§ Task item: Among the records below, find the lines that contain "with" and copy each of them.

§ Data for the task:

'''

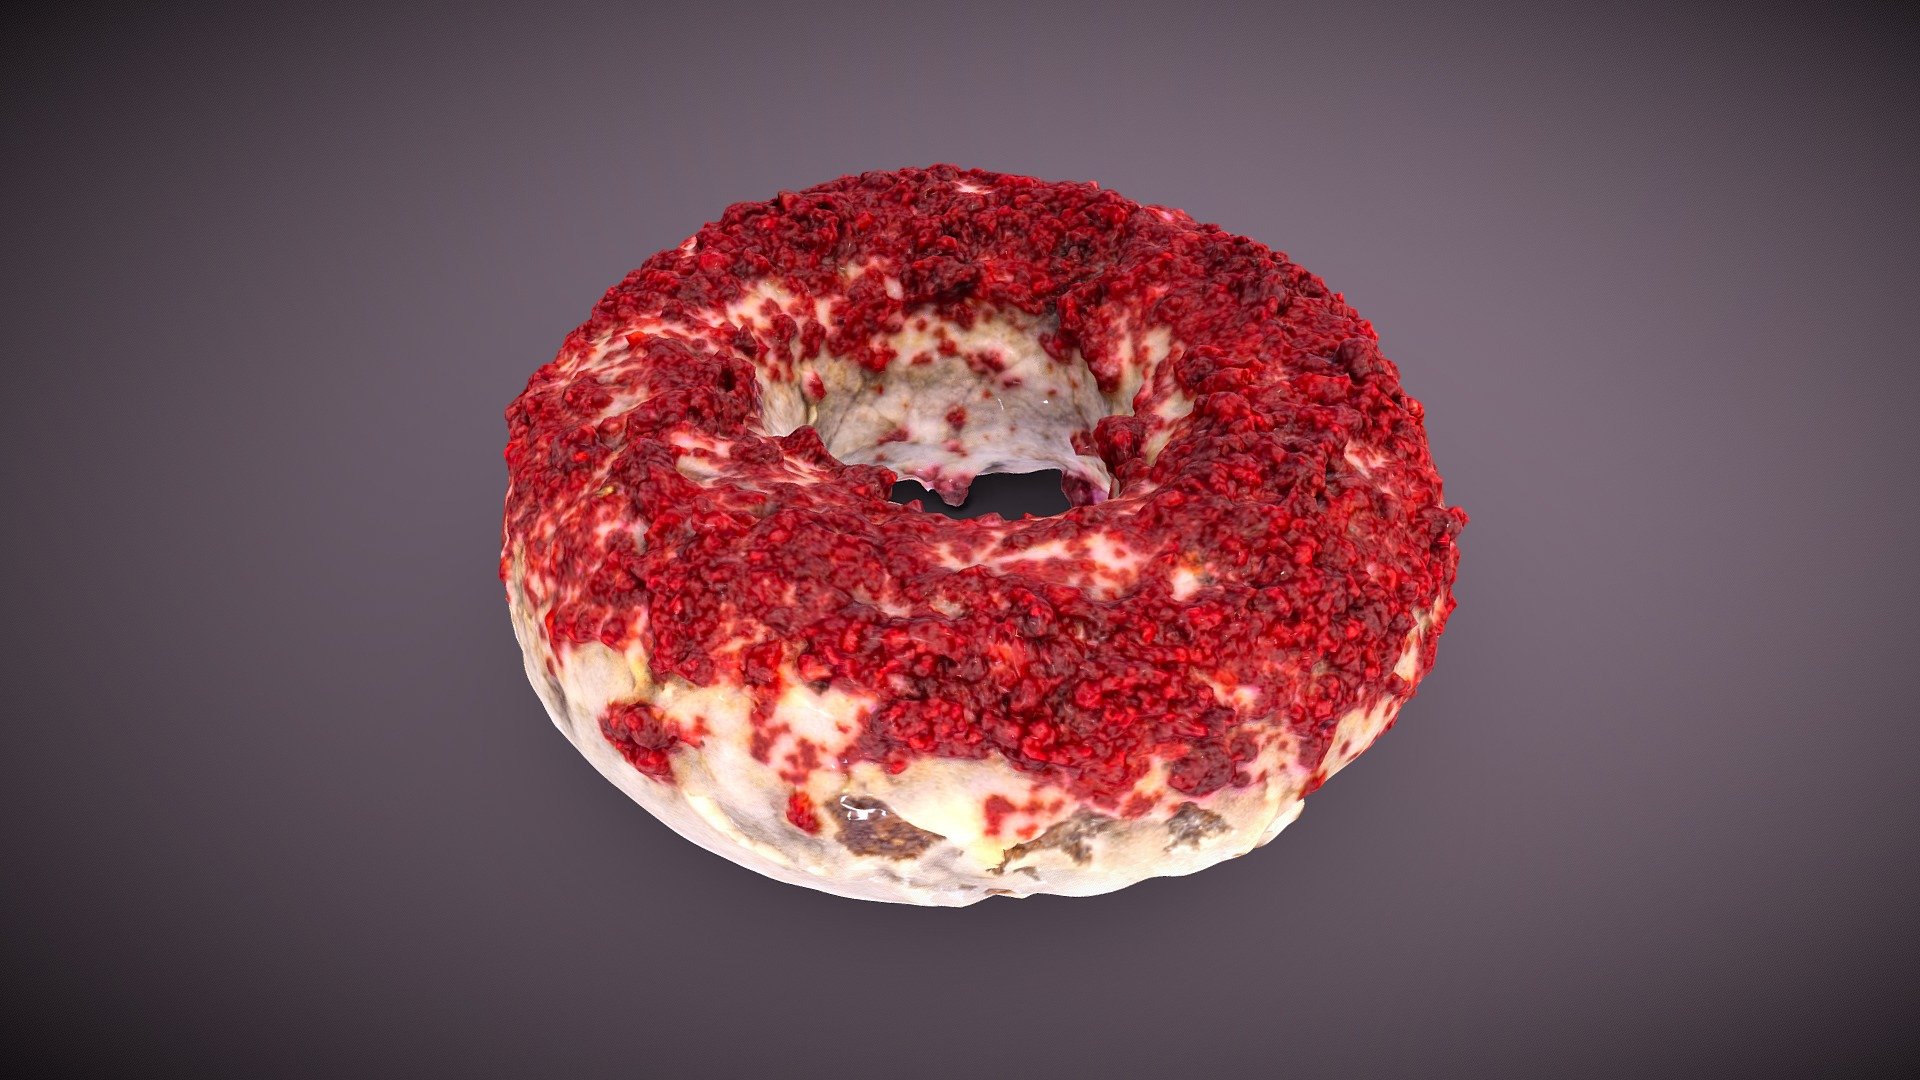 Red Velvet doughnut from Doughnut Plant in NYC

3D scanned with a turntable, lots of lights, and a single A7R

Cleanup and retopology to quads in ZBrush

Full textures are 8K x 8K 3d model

'''
'''

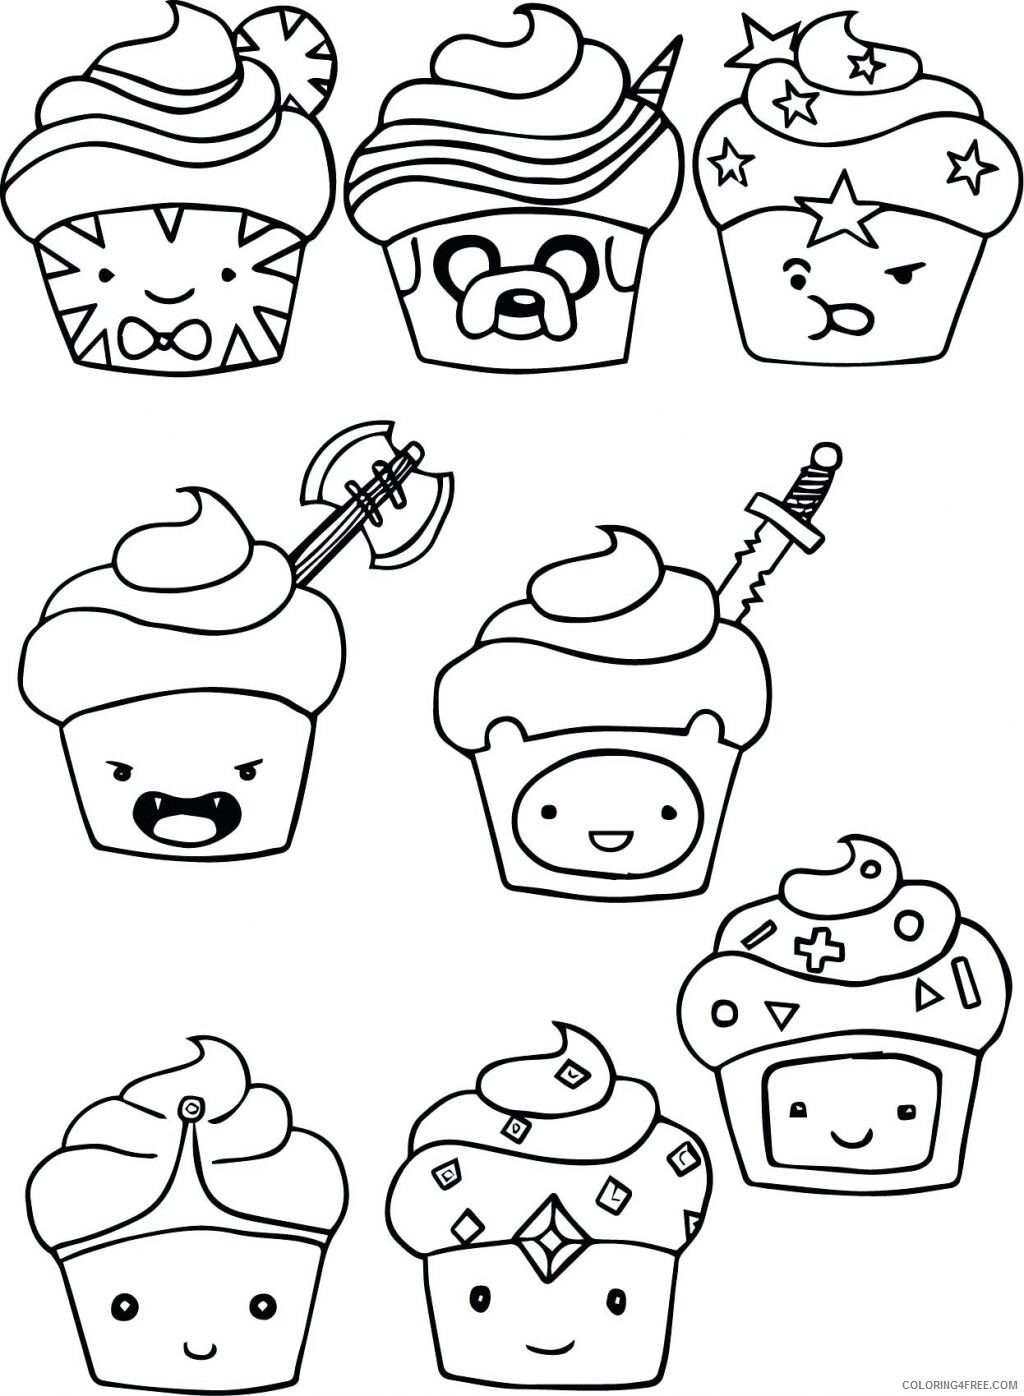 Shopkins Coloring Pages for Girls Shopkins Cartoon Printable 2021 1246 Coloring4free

'''
'''

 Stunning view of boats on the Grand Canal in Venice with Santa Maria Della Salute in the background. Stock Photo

'''

§ Result of this exercise:
3D scanned with a turntable, lots of lights, and a single A7R
 Stunning view of boats on the Grand Canal in Venice with Santa Maria Della Salute in the background. Stock Photo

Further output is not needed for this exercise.